**ASSIGNED TASK**
Your answer must be the listing repeated word for word, without its pictures.

**PROVIDED MATERIAL**
● ● ● ● ●
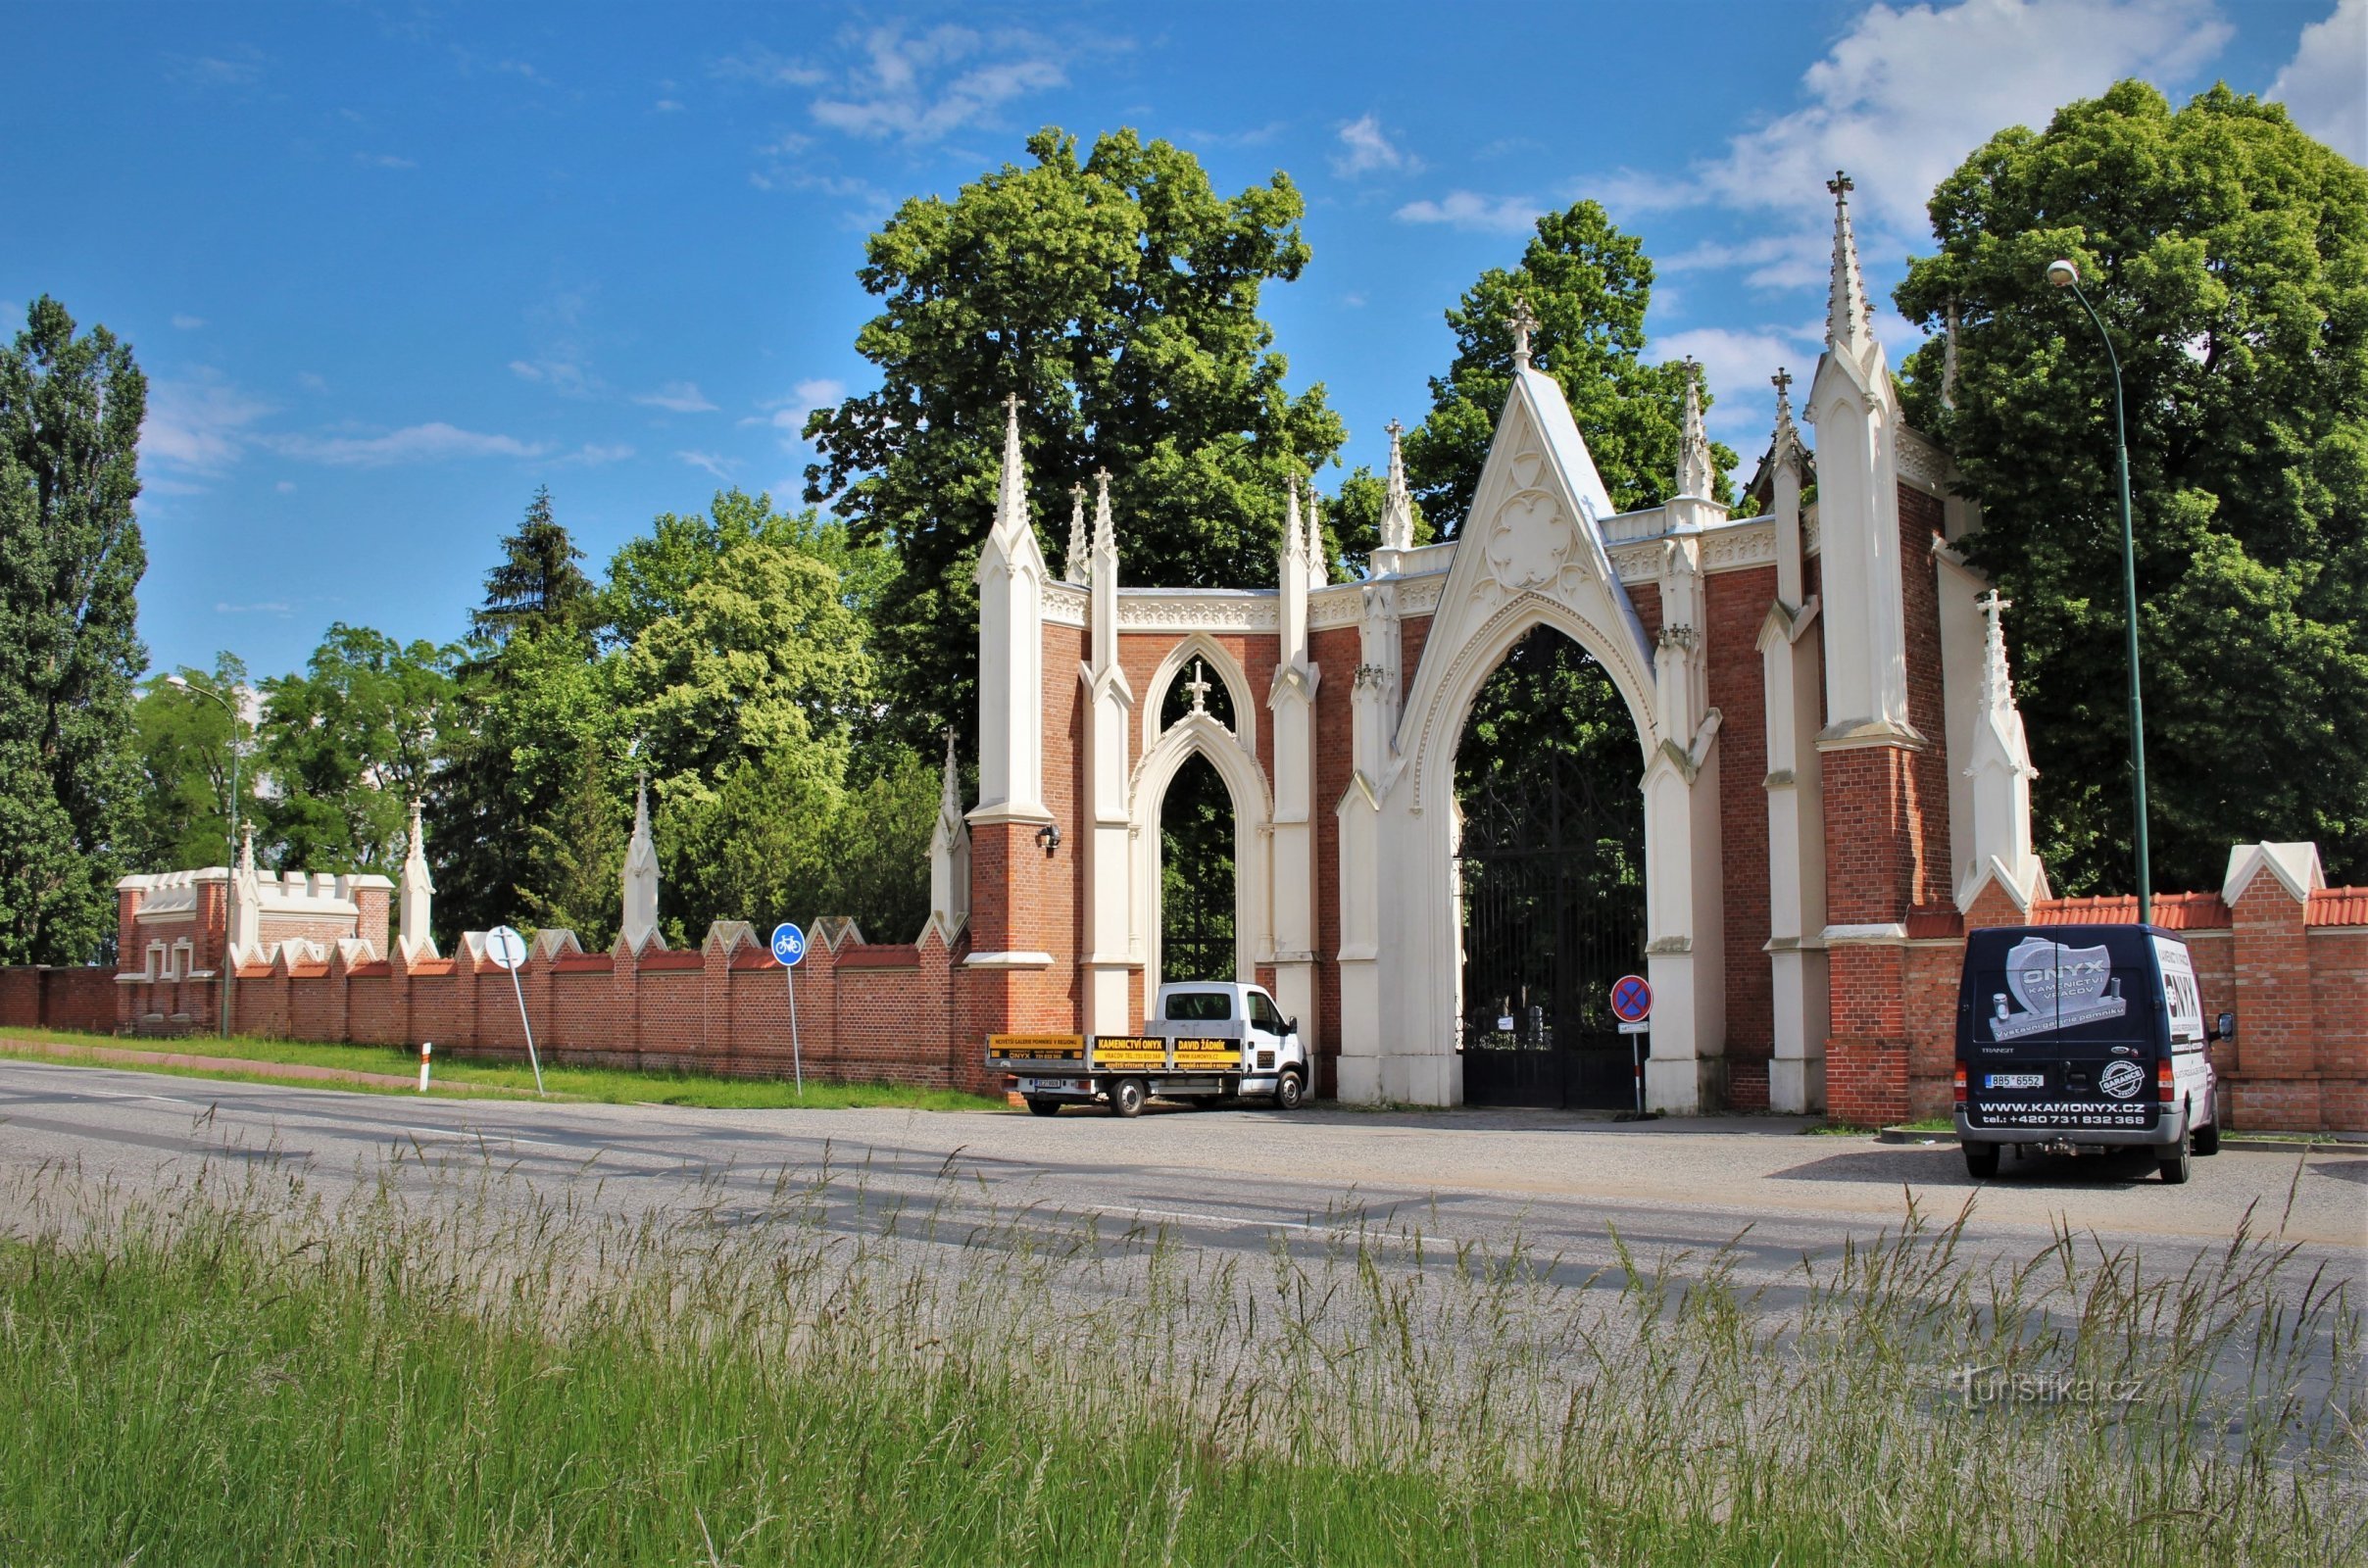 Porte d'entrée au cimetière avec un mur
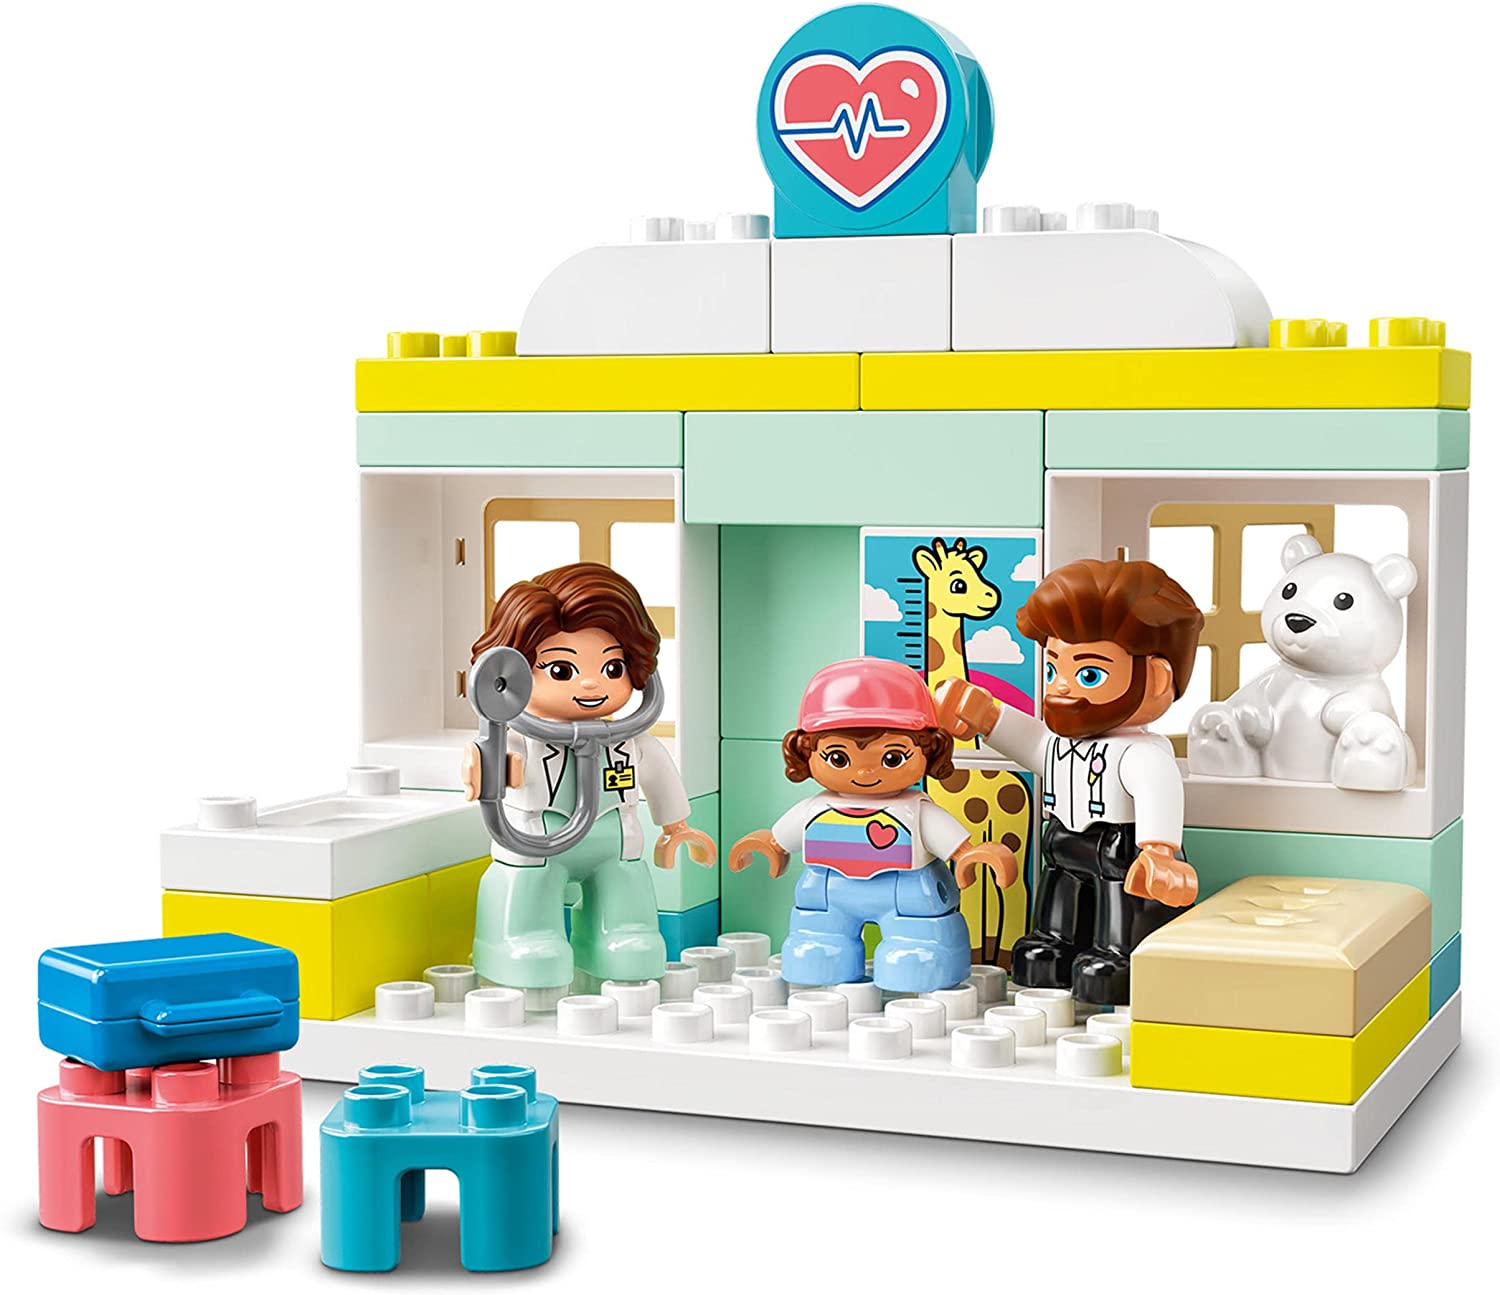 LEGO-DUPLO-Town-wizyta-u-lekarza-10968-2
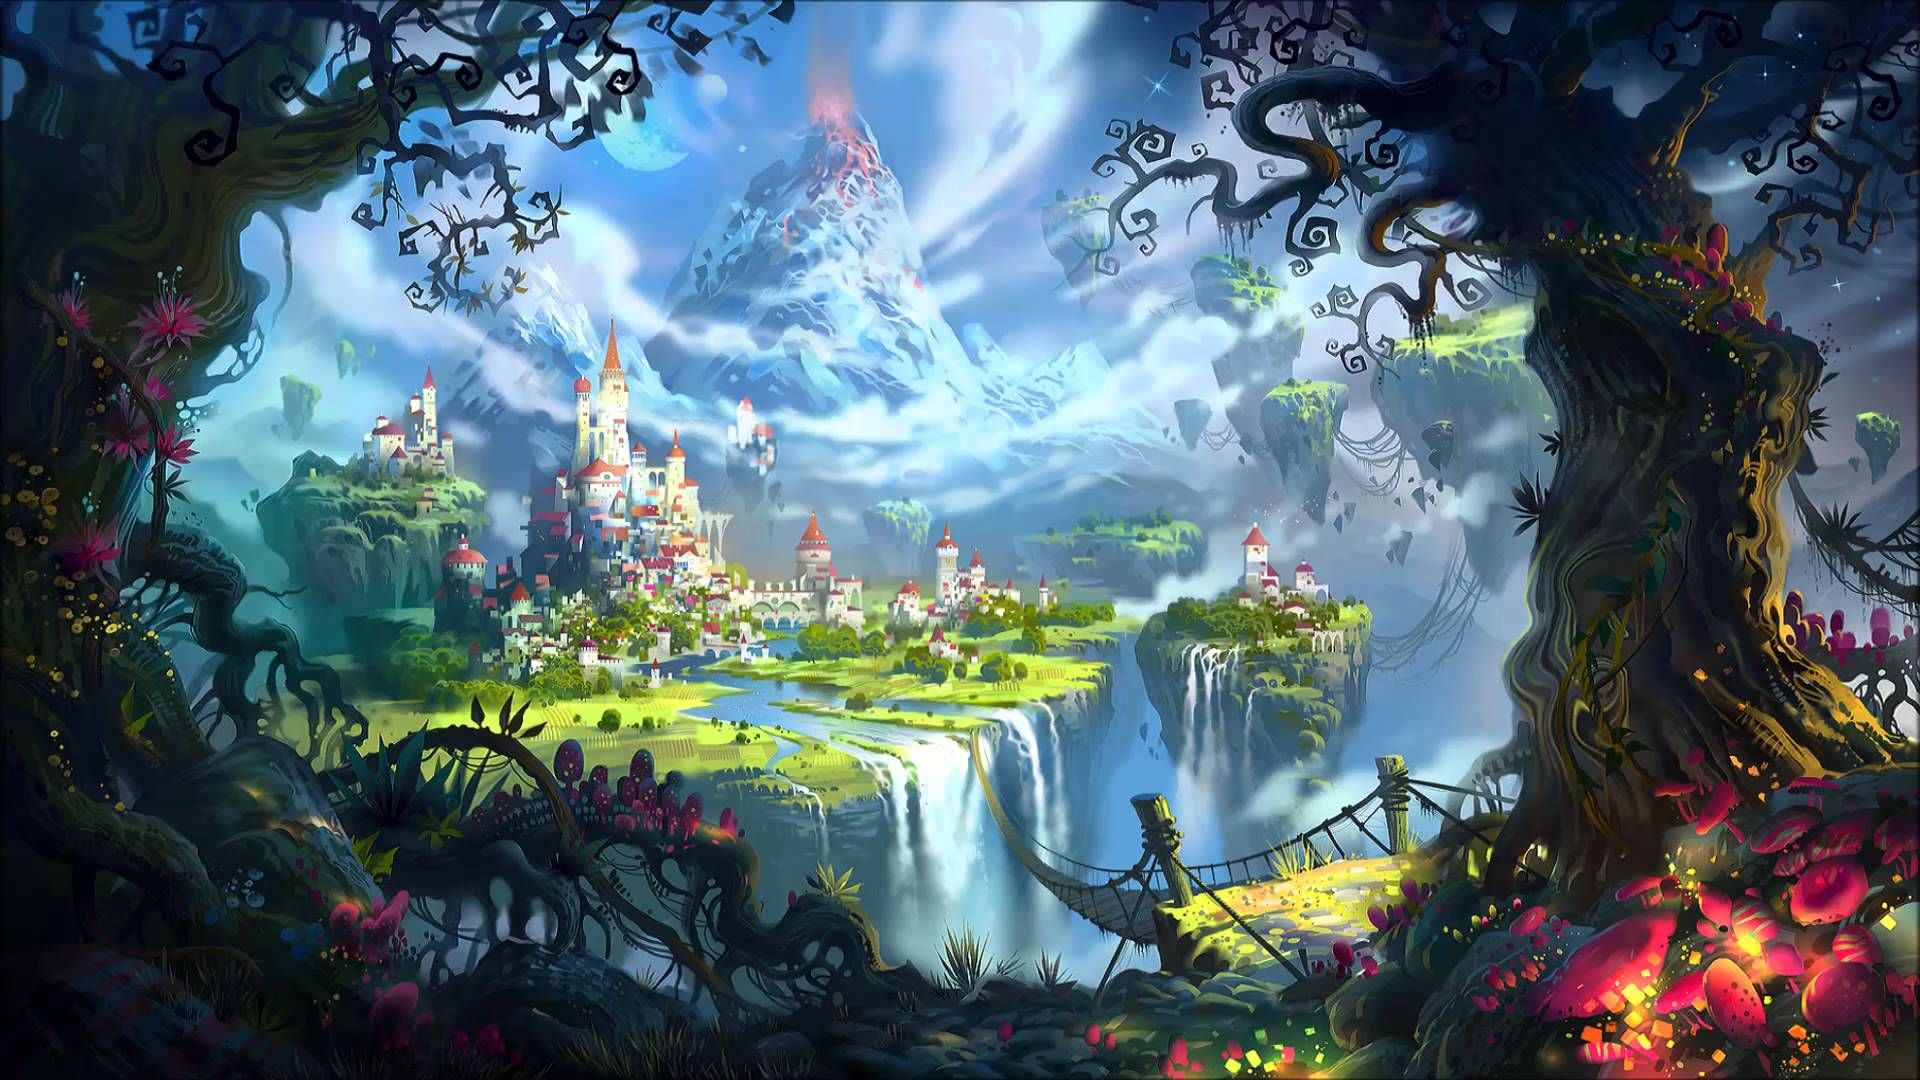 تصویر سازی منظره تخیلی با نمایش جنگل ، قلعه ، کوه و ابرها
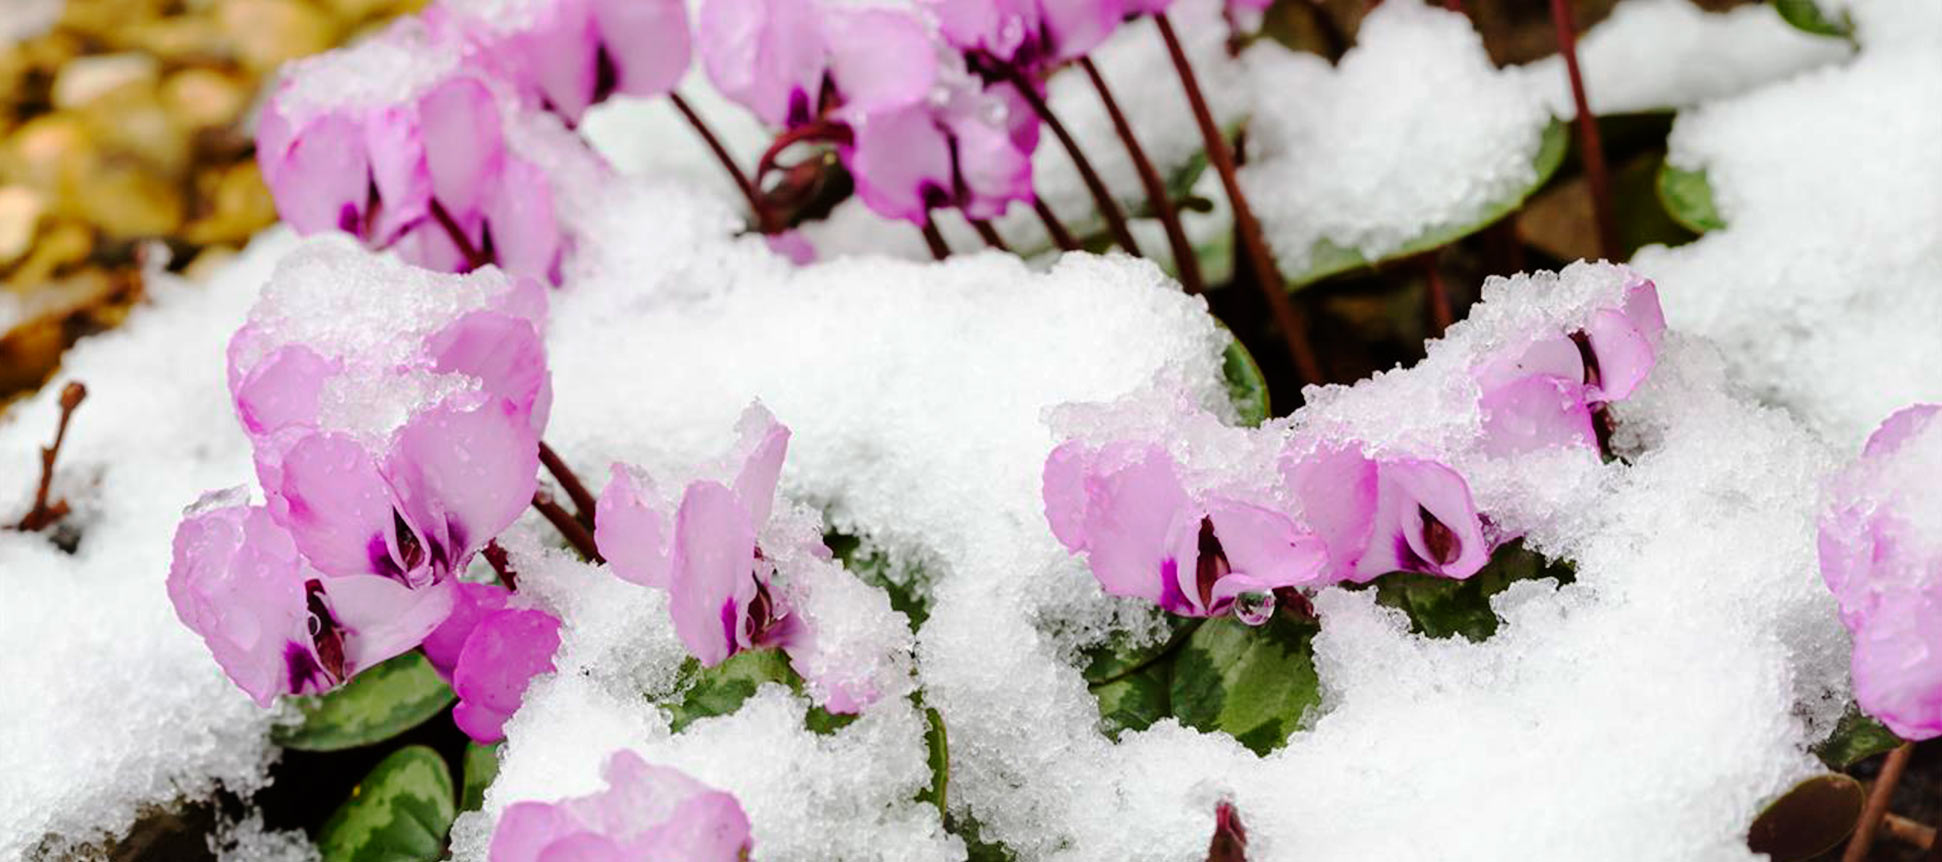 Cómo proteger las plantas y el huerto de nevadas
● ● ● ● ●
**FINISHED TASK**
 Porte d'entrée au cimetière avec un mur
 LEGO-DUPLO-Town-wizyta-u-lekarza-10968-2
 تصویر سازی منظره تخیلی با نمایش جنگل ، قلعه ، کوه و ابرها
 Cómo proteger las plantas y el huerto de nevadas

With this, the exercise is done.